#### [Work to be completed]
Whatever lies between the line with "BonZeaL Valentine Mug" and the end of the data, both included, must be copied exactly and without pictures.

═════ Provided material

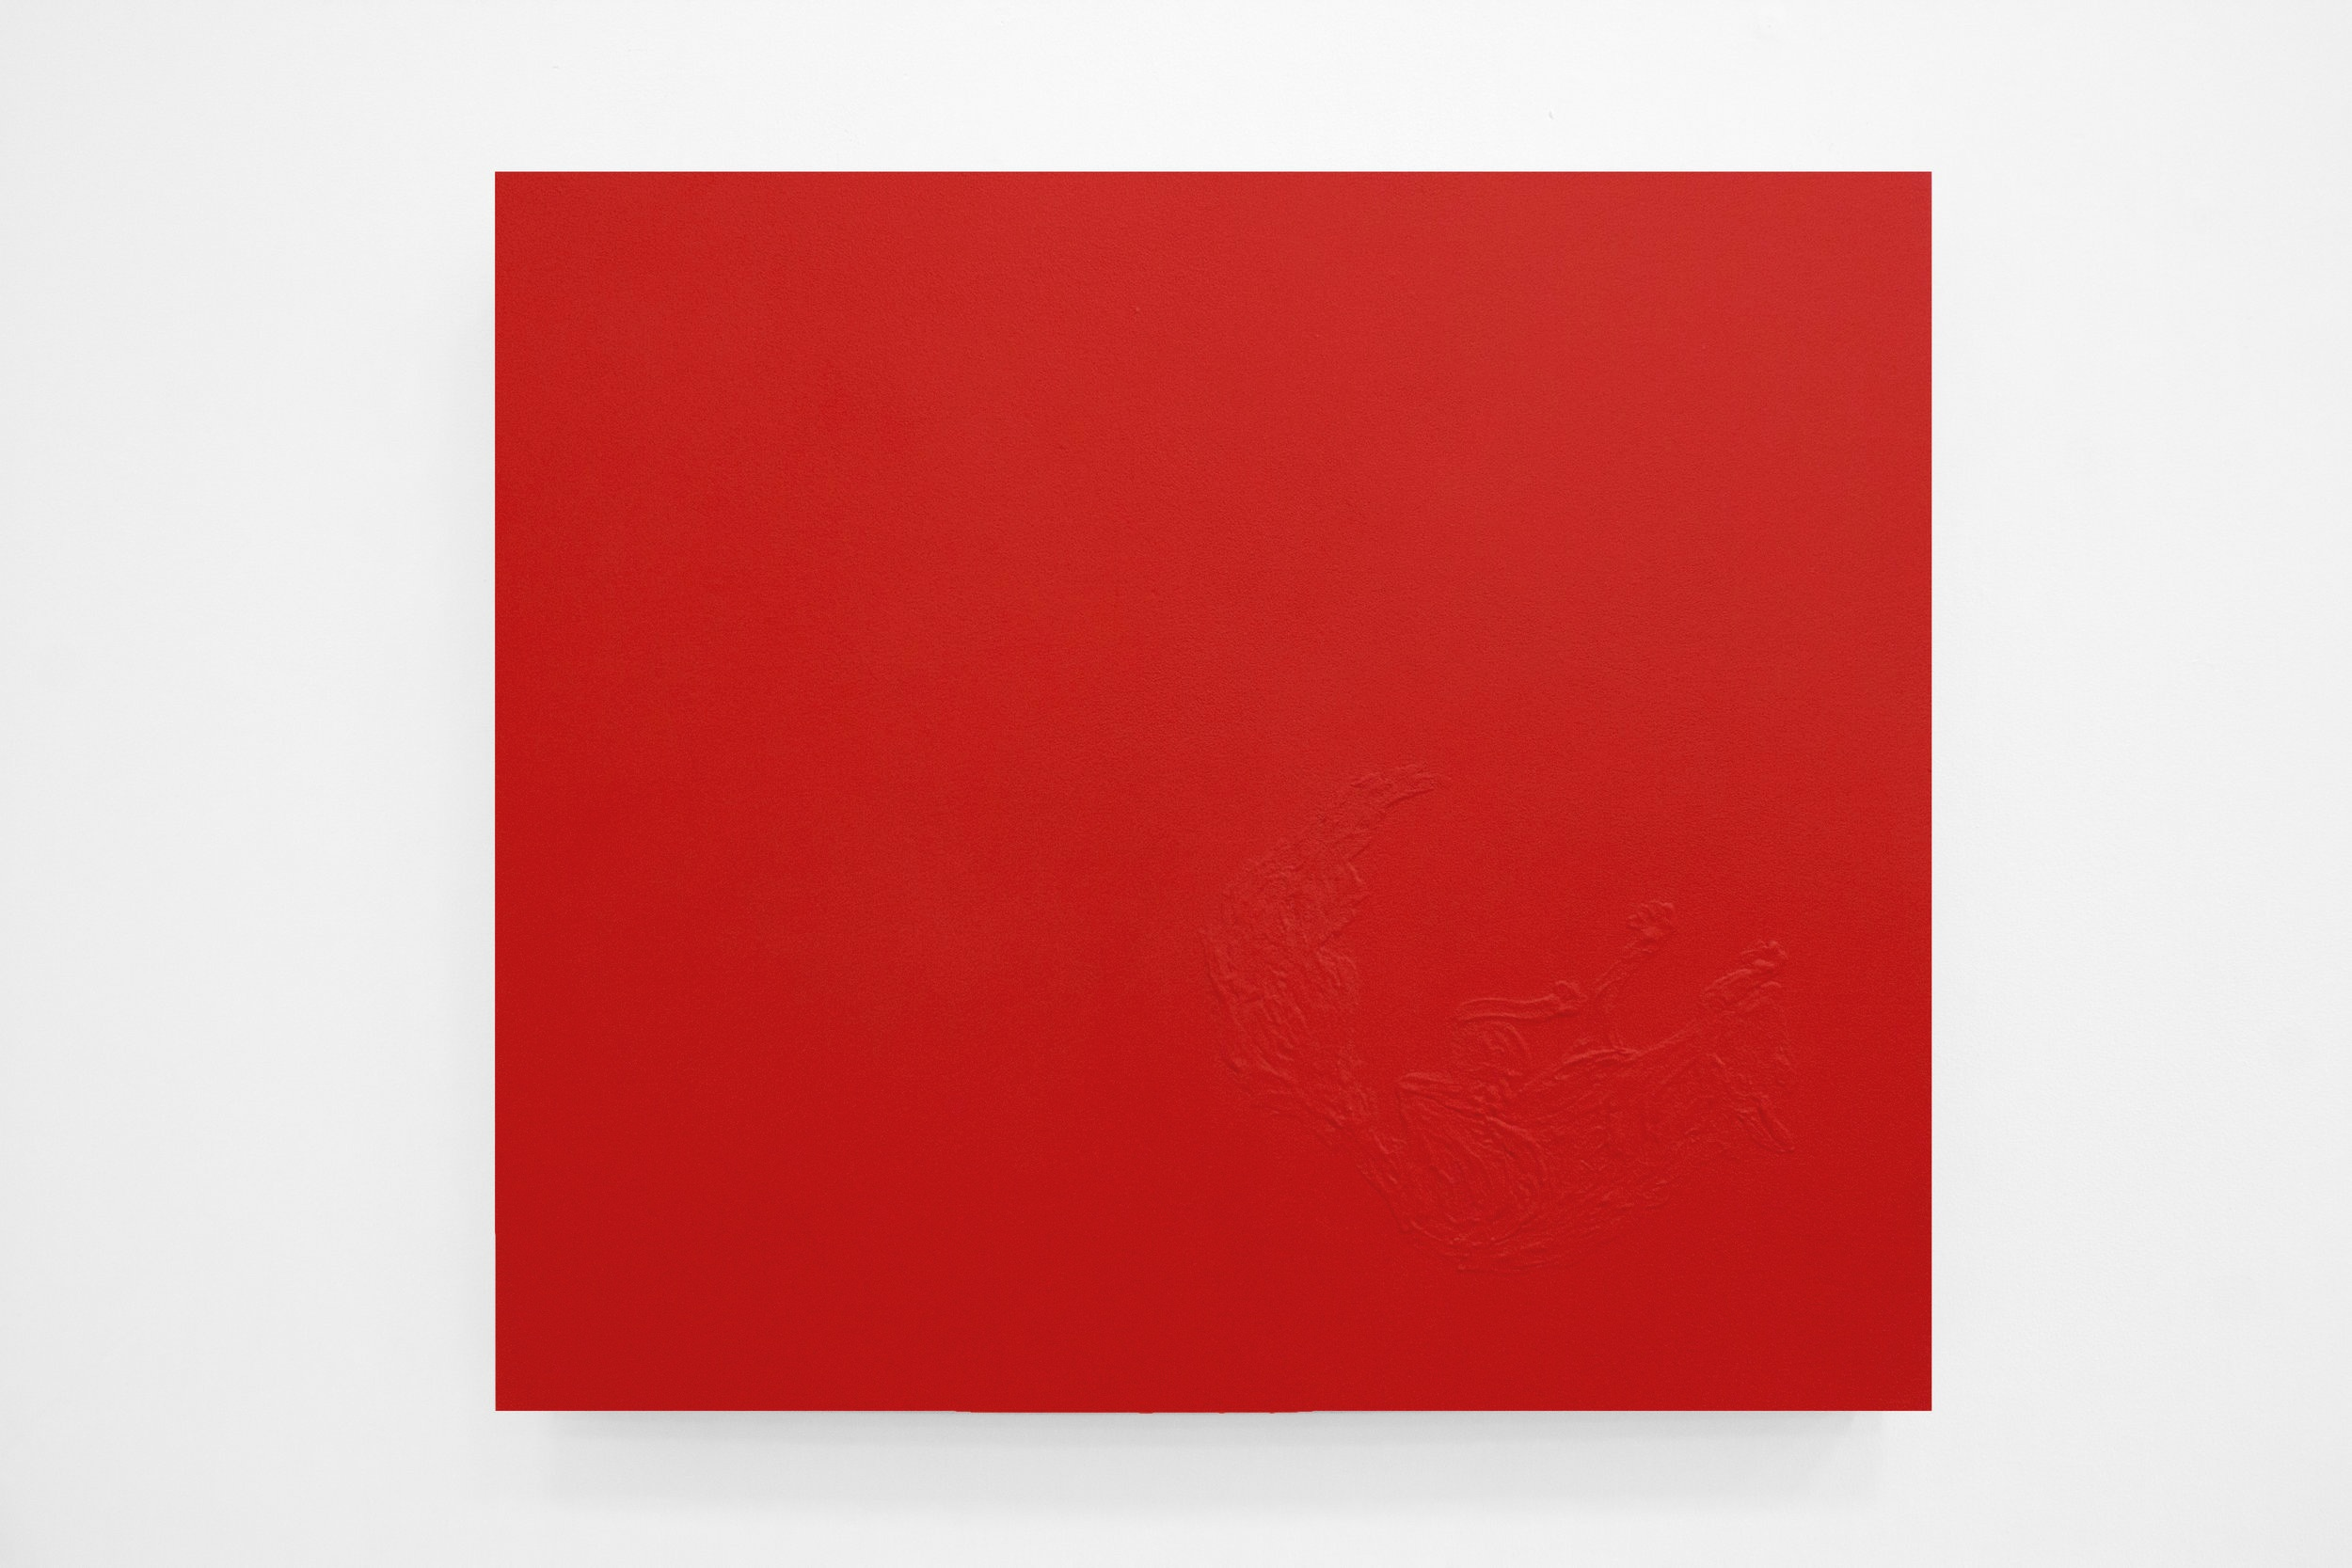 Meagan-Hindel-Red.jpg
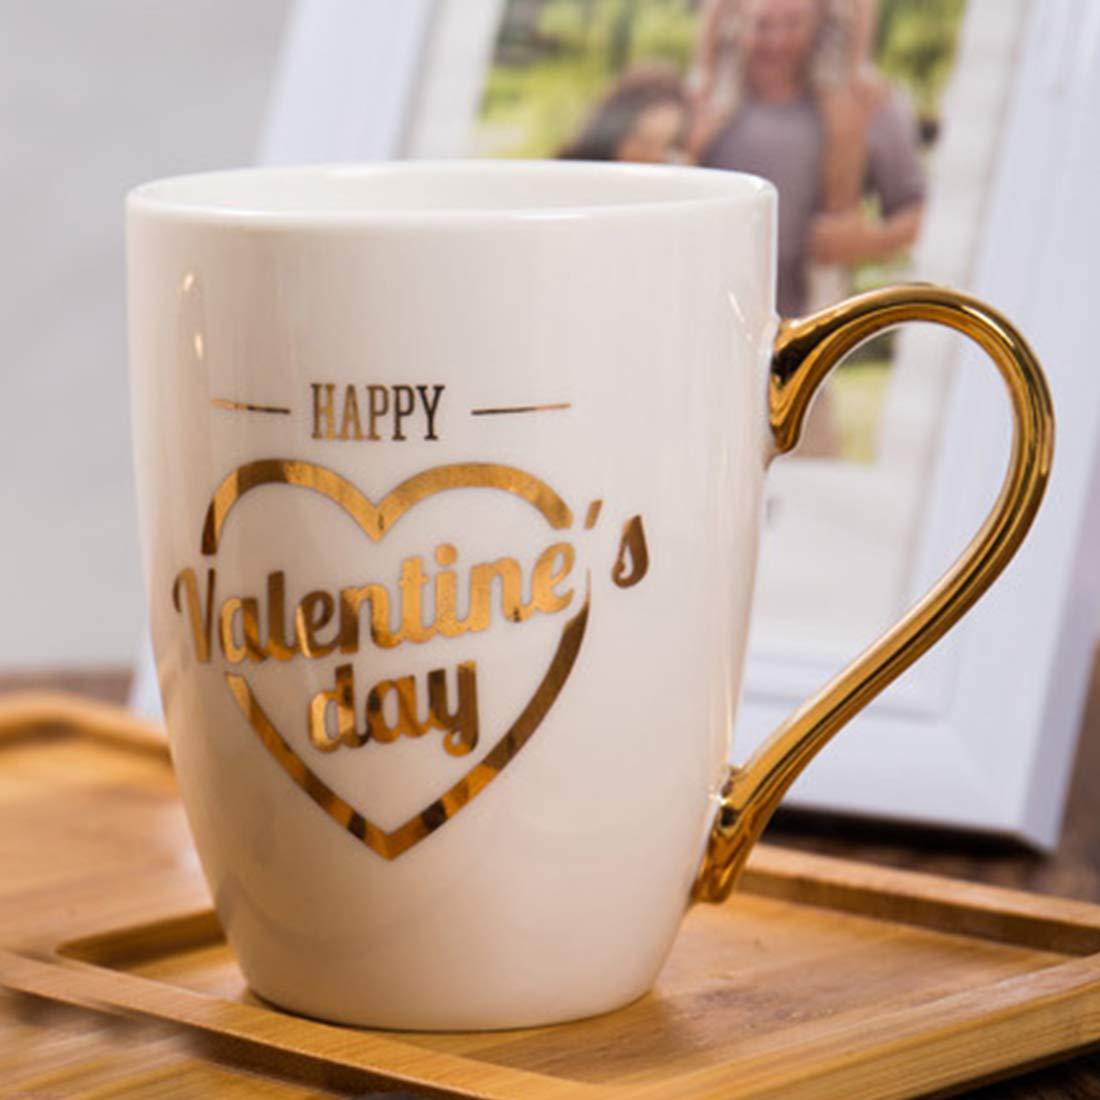 BonZeaL Valentine Mug Ceramic Coffee Mugs Tea Cups Birthday Gifts For Girlfriend Boyfriend Husband Wife Quirky Her Him Boys Girls Couple
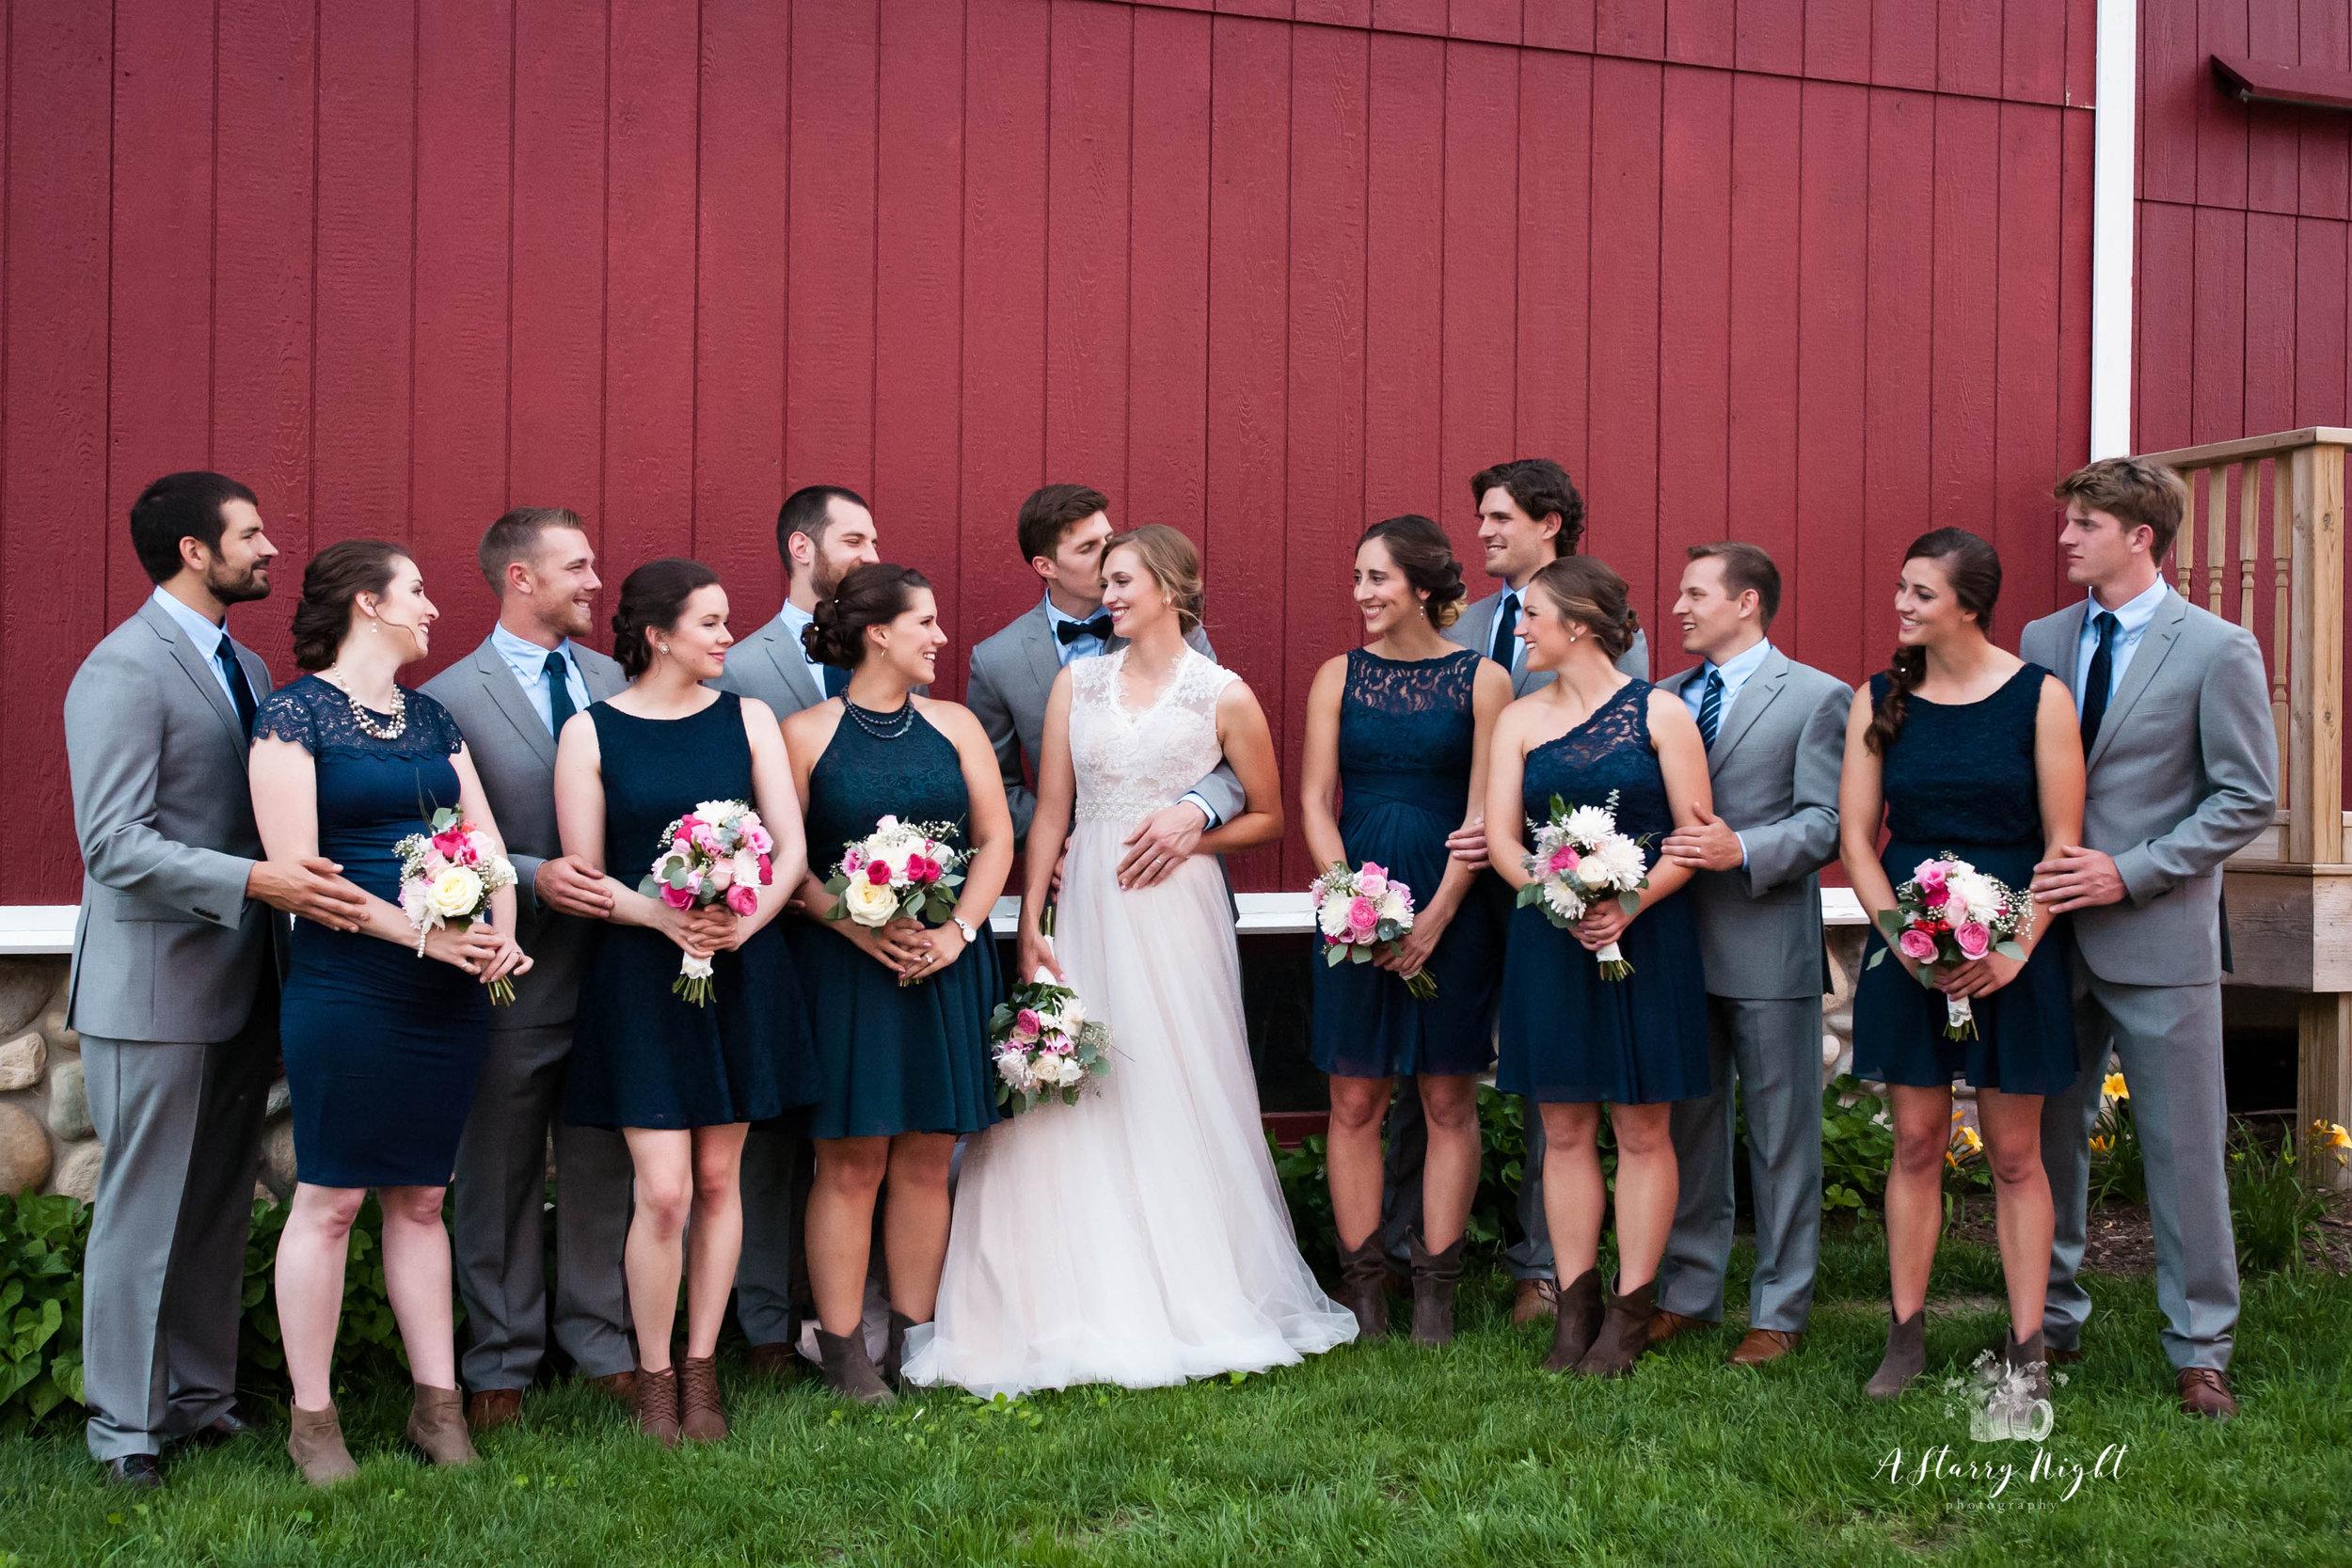 Bride-Groom-Bridal-Party-Group-Shot-WEB.jpg

══════════

#### [Response to this exercise]
 BonZeaL Valentine Mug Ceramic Coffee Mugs Tea Cups Birthday Gifts For Girlfriend Boyfriend Husband Wife Quirky Her Him Boys Girls Couple
 Bride-Groom-Bridal-Party-Group-Shot-WEB.jpg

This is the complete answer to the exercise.